就她猜想,大皇子大概是故意營造出一個貪戀女色的形象。真心無意皇位也好,想讓別人掉以輕心也好。作爲第一個出皇宮立府的皇子,他的日子,就跟掛在城頭的燈籠一樣,所有人都盯着呢!!
而皇帝是個什麼樣的人?在他之後,又有太子又有專寵的皇子他若有一點異動,怕就要被架起來烤了。
“聽說,昨兒個又傳說大皇子跟身邊的內侍昨夜鬧了一宿,今天大殿下估計是不能來了。”說到最後,生生的打了個冷顫。
是啊,褻玩內侍。這於宮庭,於皇家可是大大的醜聞。
福順是內侍,一個沒有人權,主子讓幹嘛就必須幹嘛的內侍,可不是噁心又膽寒。本來成爲太監就已經夠可憐的了,結果還要被人褻玩這讓人情何以堪?

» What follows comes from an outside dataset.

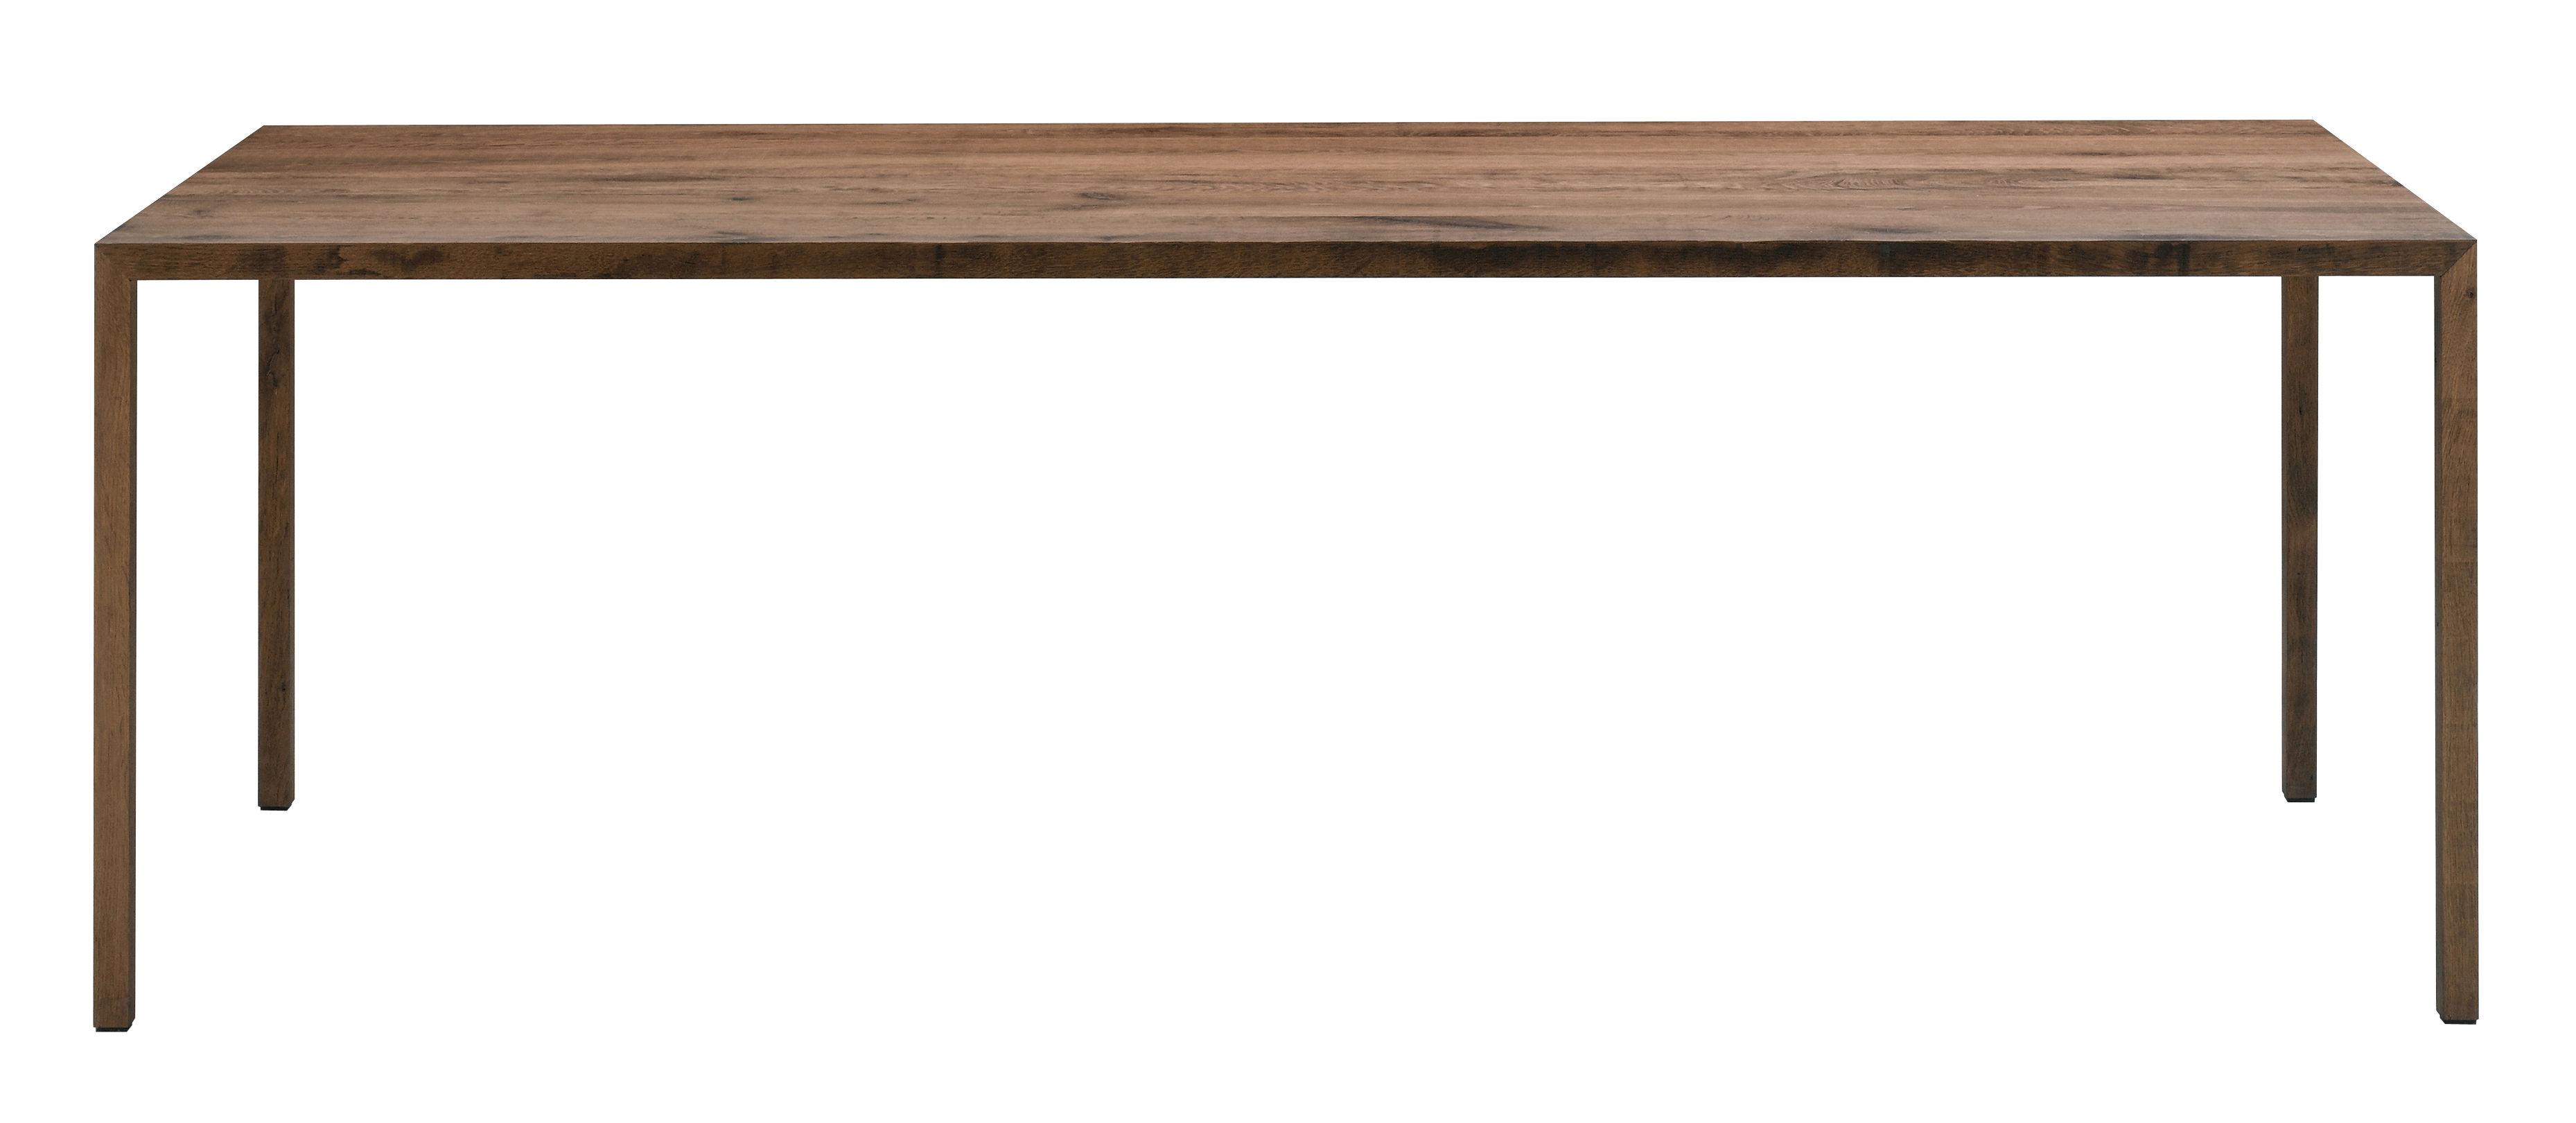 Trends - Zu Tisch! - Tense Material rechteckiger Tisch / 90 x 200 cm - Eiche - MDF Italia - Eiche natur - Massiveiche-Furnier, Verbundplatte
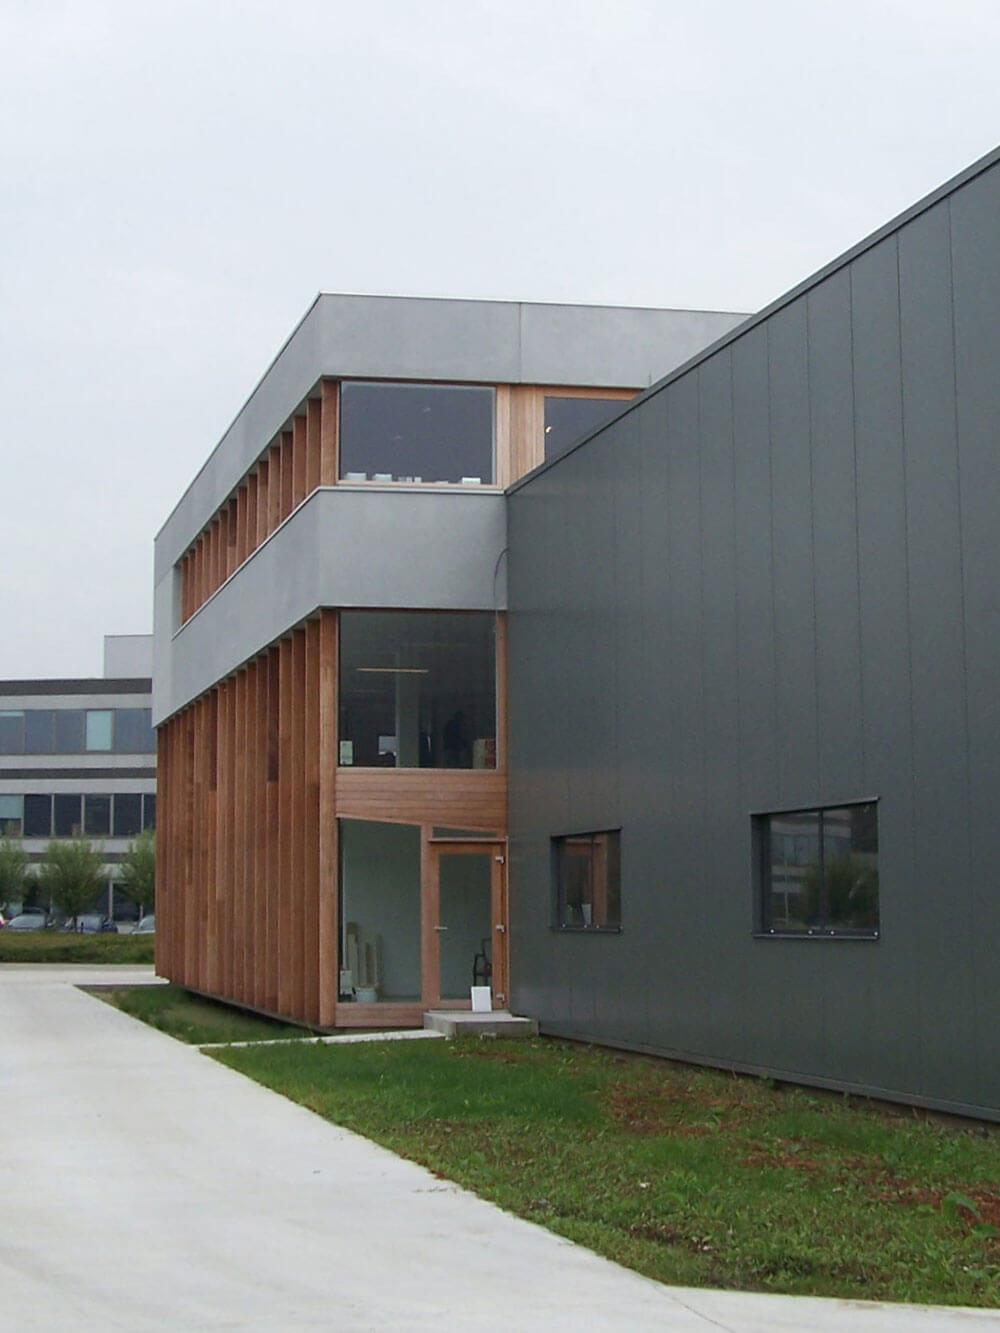 Door de verticale balkstructuur wordt de inkijk beperkt.

肖靈也跟着感慨了一番,然後又不着痕跡的將話題給引至別處。
兩人說的熱鬧,周圍卻又來了許多人。
“咦,沒想到居然還來了。”福順突然看到個人,便用肩膀輕抵了抵肖靈。示意她看過去
肖靈掃了一下,發現這裏的所有人都望着來人呢。於是,便也光明正大的的望過去。這一看,卻是微微挑眉。好一個俊俏小哥,膚白髮墨,身量軟柔,脣紅齒白,眉眼兒自帶着風情,眸光一轉,風流萬千
這樣的一個人,若是女子,怕也會是禍水紅顏,爲男子唔,難怪會被大殿下放在心上。就是這裏的這些個,都是該斬斷七情六慾的人,此時也是看呆了去。
肖靈暗暗讚賞,心中卻越發明瞭。這人,如果真是傳言中大殿下的那個內侍。那這事,要麼是假的,要麼大殿下是用了心的。以這人的氣質,卻斷斷不可能是那以色侍人的人。
而肖靈對於這種事情卻是理解的,接受的,這面上自然也就帶上了些欣賞和清朗。不似旁人,有的羨嫉,有的不恥。她這樣的眼神,到是立刻被那人捕捉到了。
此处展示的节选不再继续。